Directions for this task
The response should repeat word for word every line below from the one with "Reconstruction of polysyndactyly" to the one with "Resort-like backyard with", inclusive, and nothing else; leave pictures out.

Records for the exercise
═══

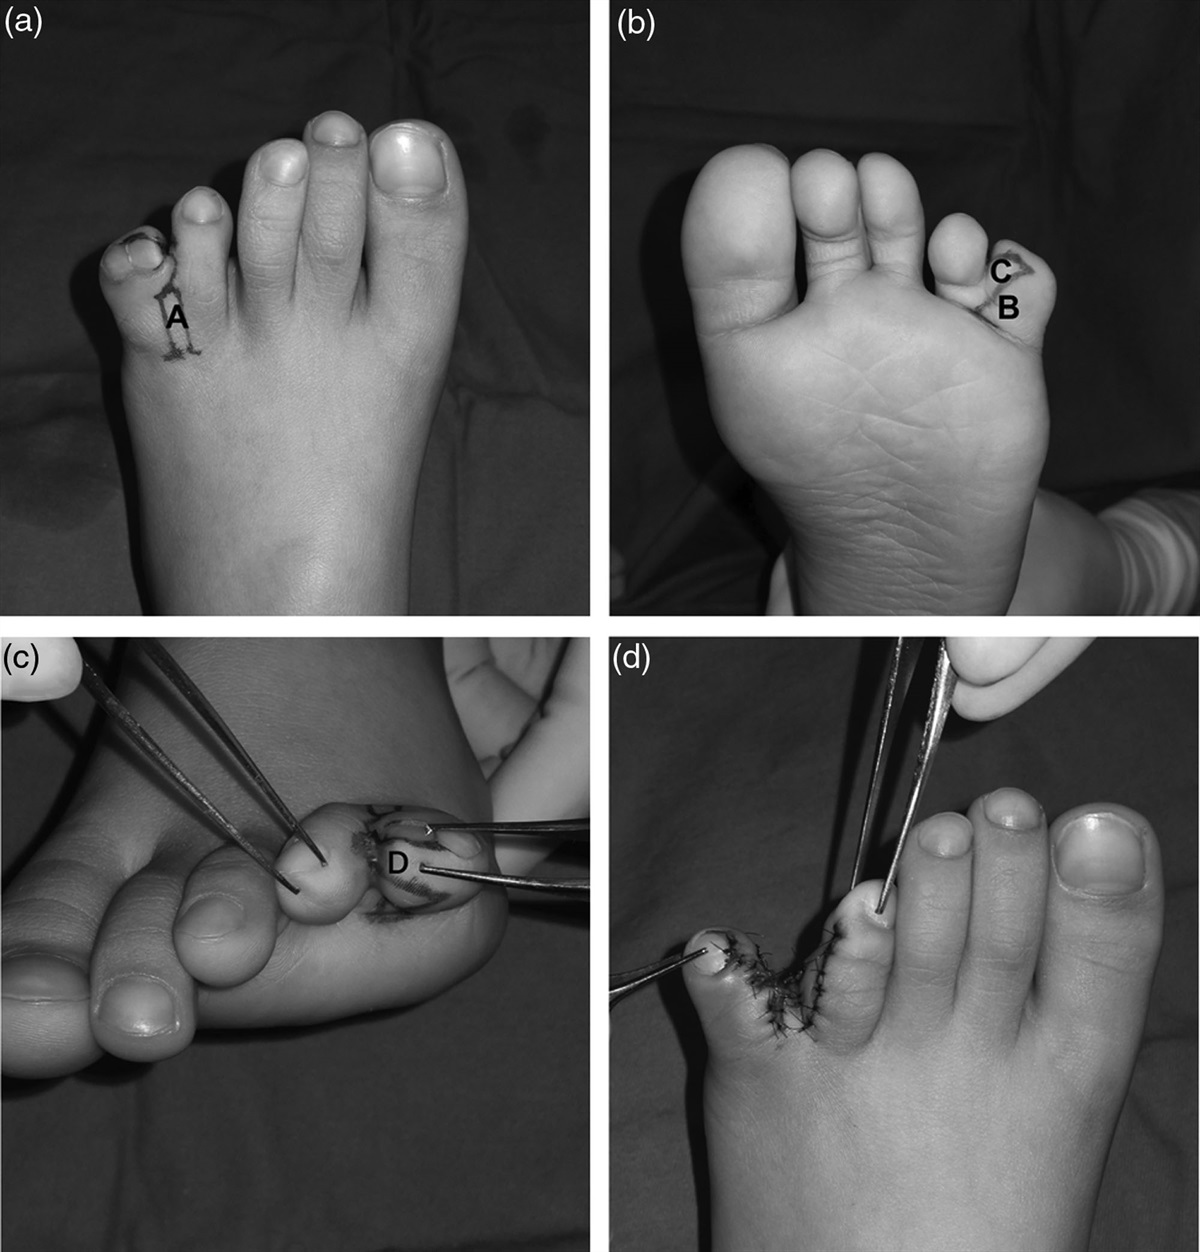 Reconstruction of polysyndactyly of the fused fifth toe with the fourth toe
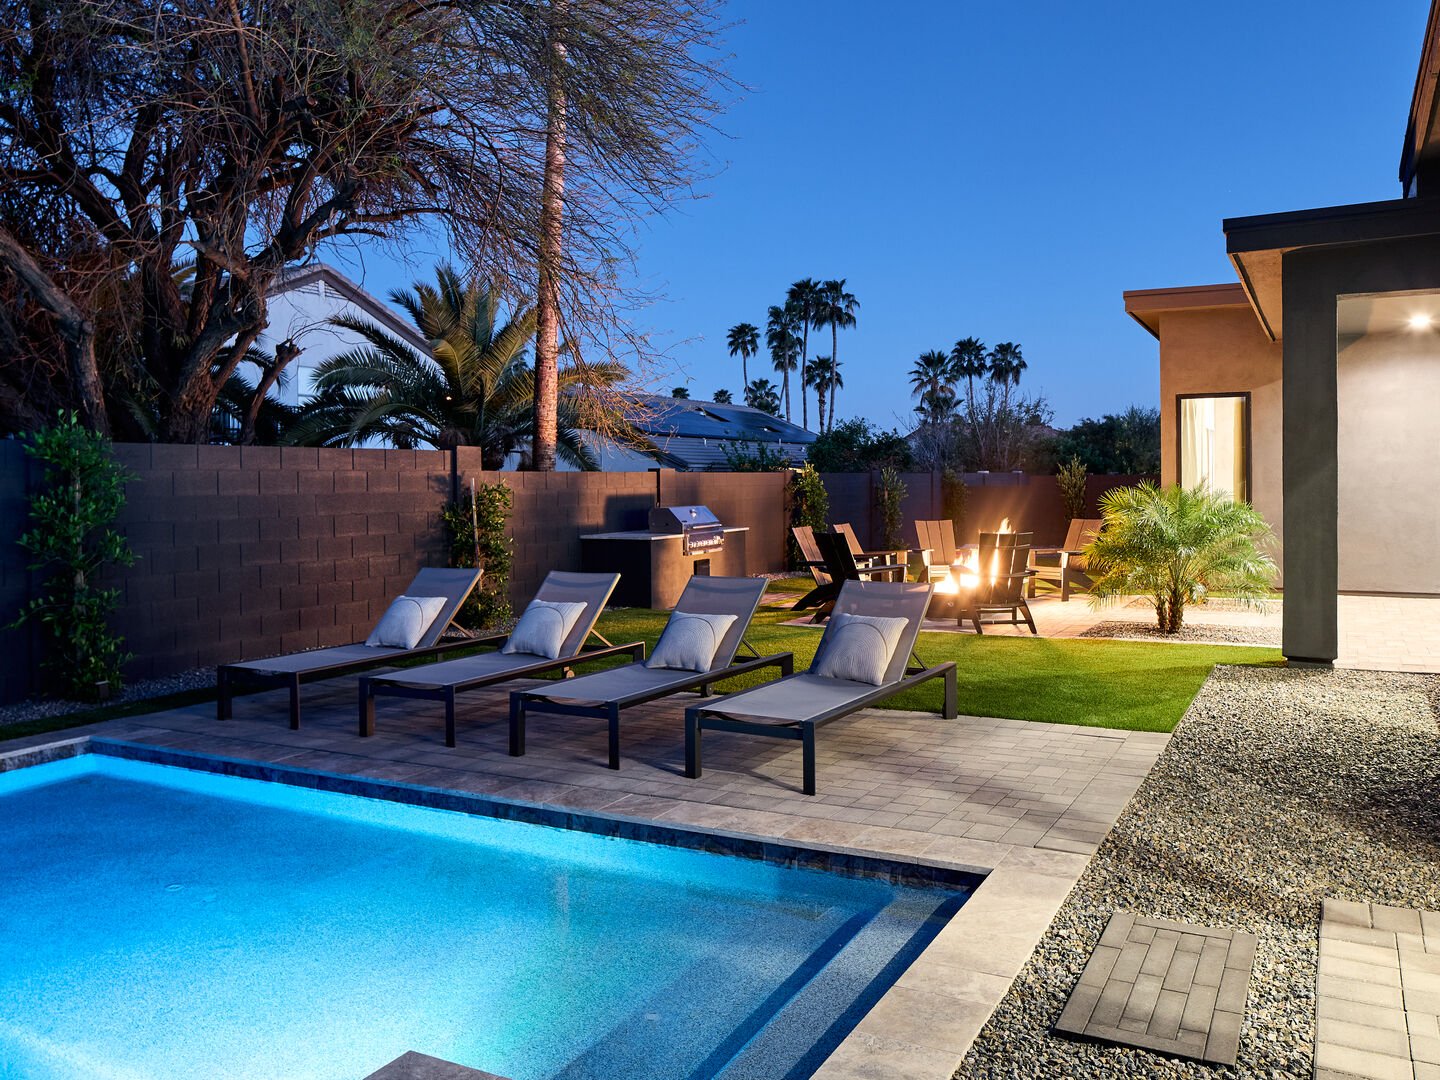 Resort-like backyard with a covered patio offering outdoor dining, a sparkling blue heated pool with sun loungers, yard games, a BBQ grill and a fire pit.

═══

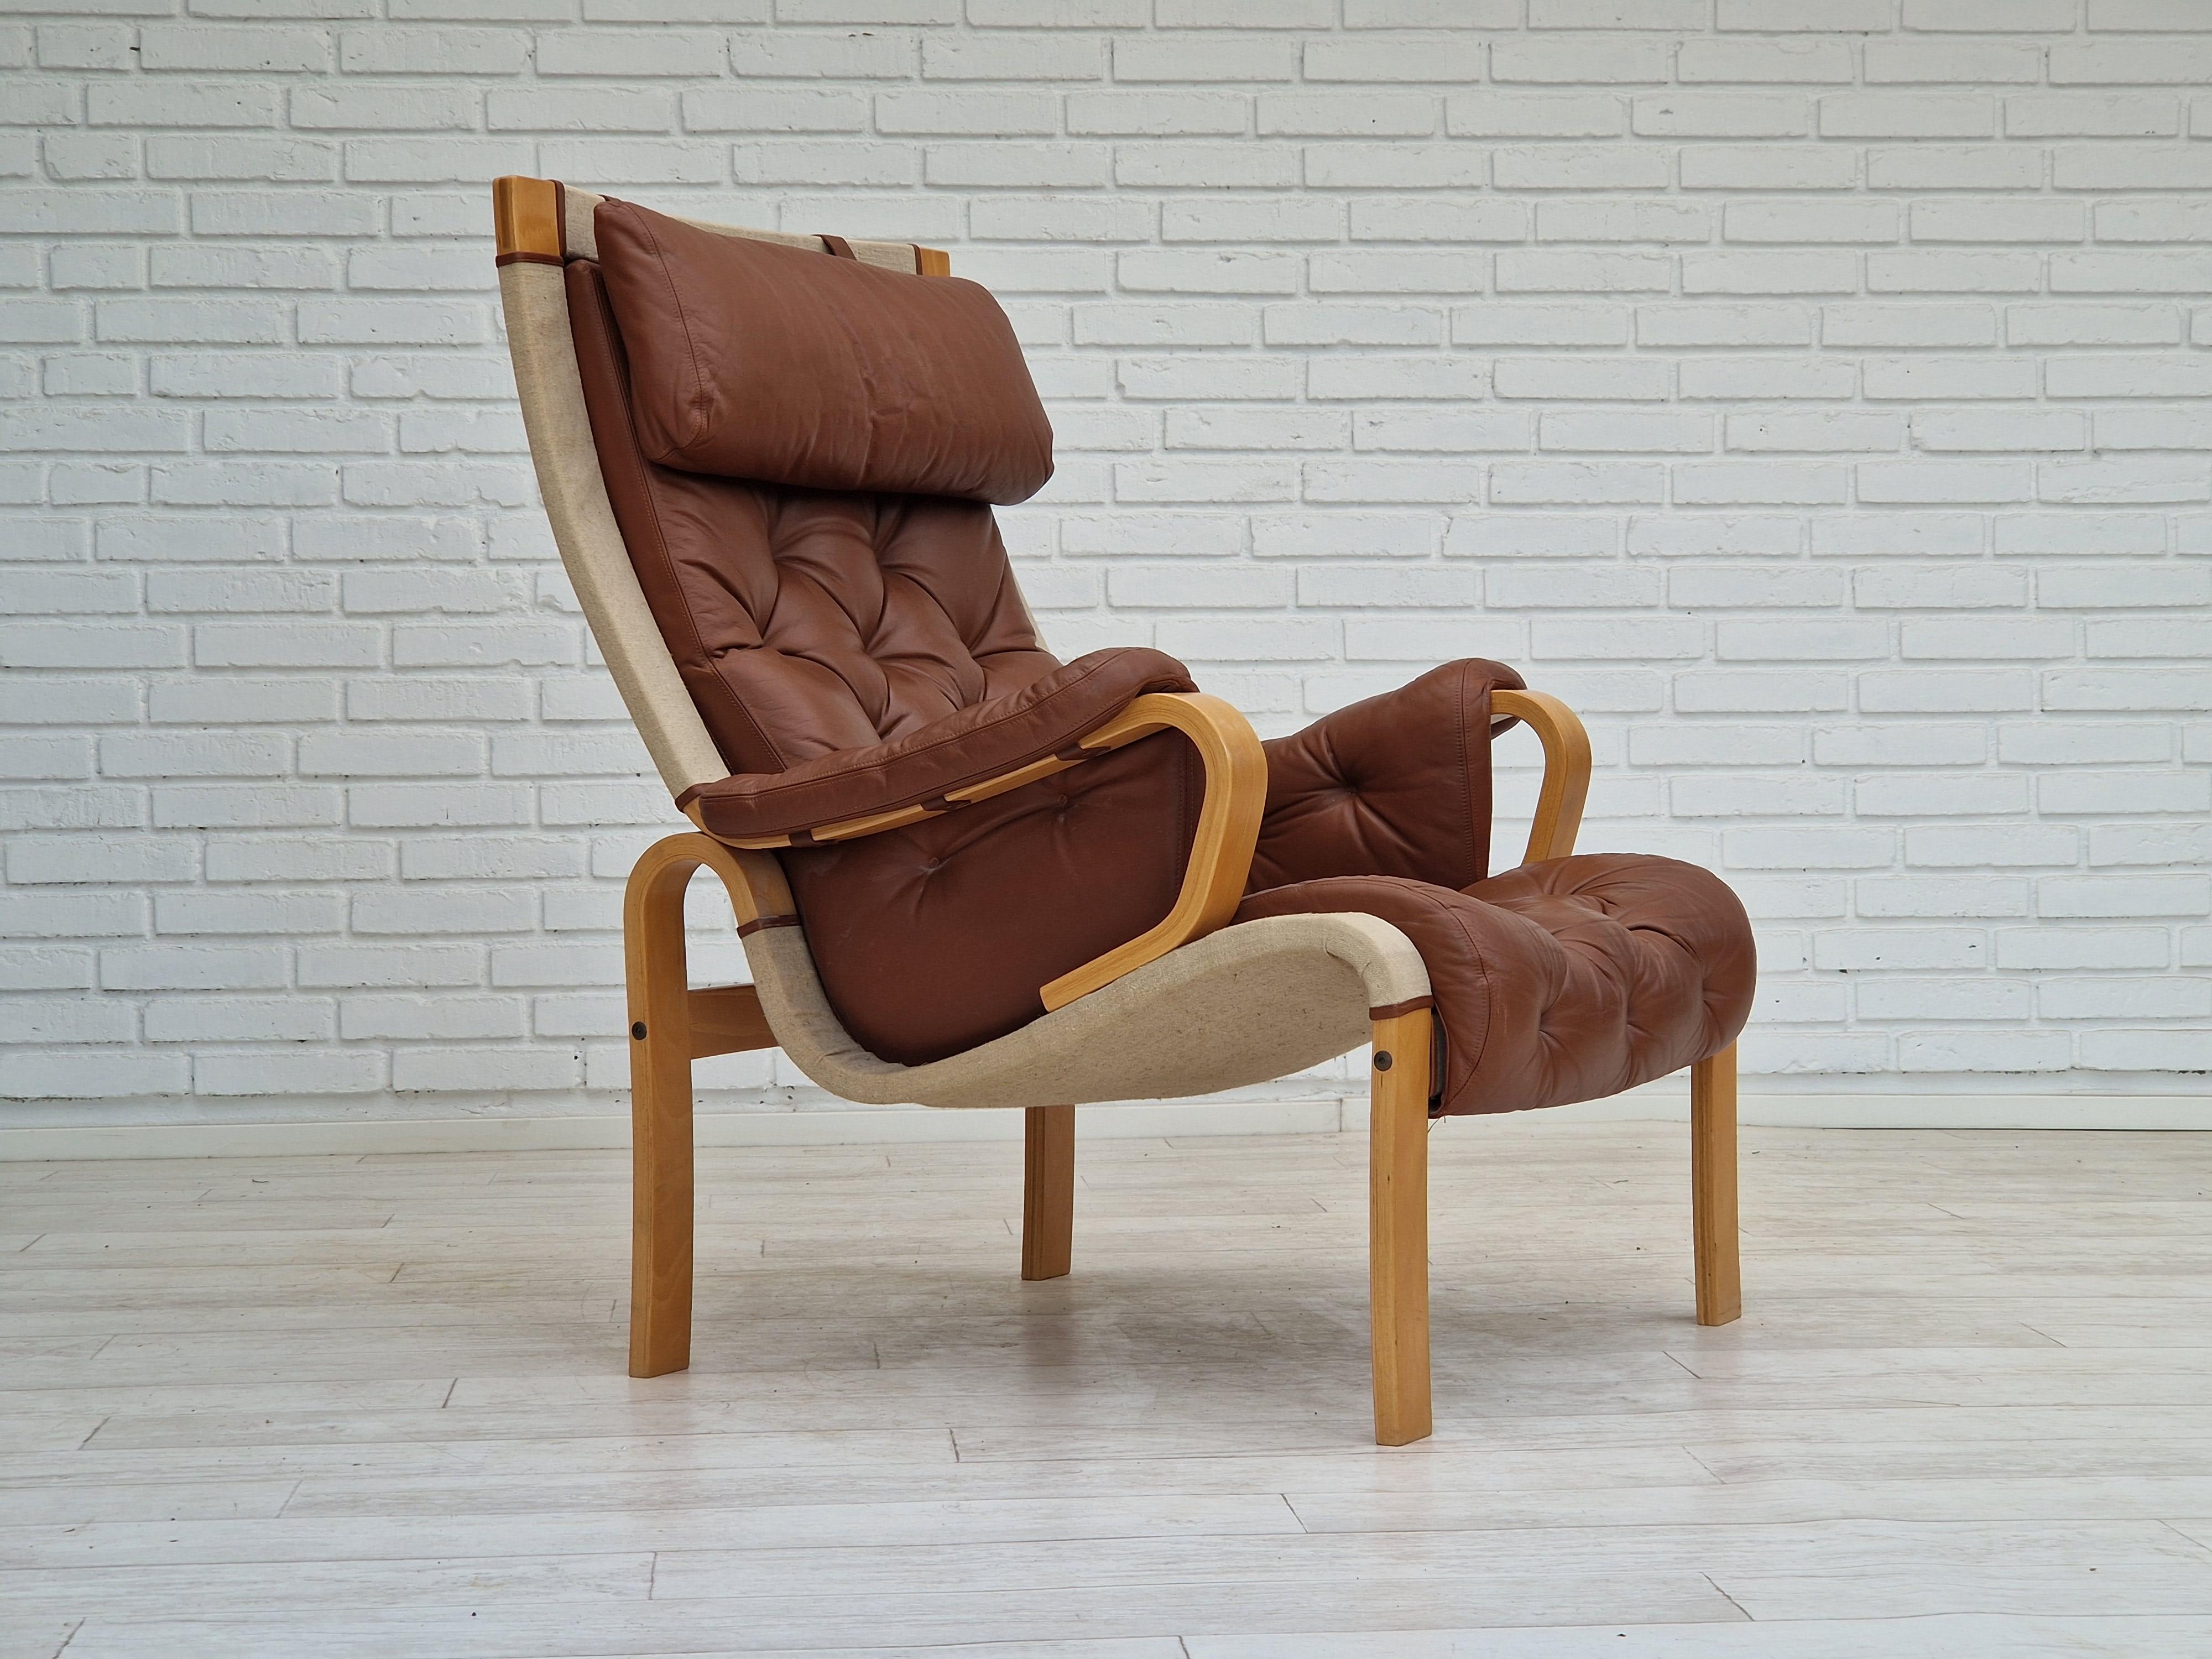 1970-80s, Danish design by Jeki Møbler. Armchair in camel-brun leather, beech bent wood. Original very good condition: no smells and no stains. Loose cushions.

═══

Your response
 Reconstruction of polysyndactyly of the fused fifth toe with the fourth toe
 Resort-like backyard with a covered patio offering outdoor dining, a sparkling blue heated pool with sun loungers, yard games, a BBQ grill and a fire pit.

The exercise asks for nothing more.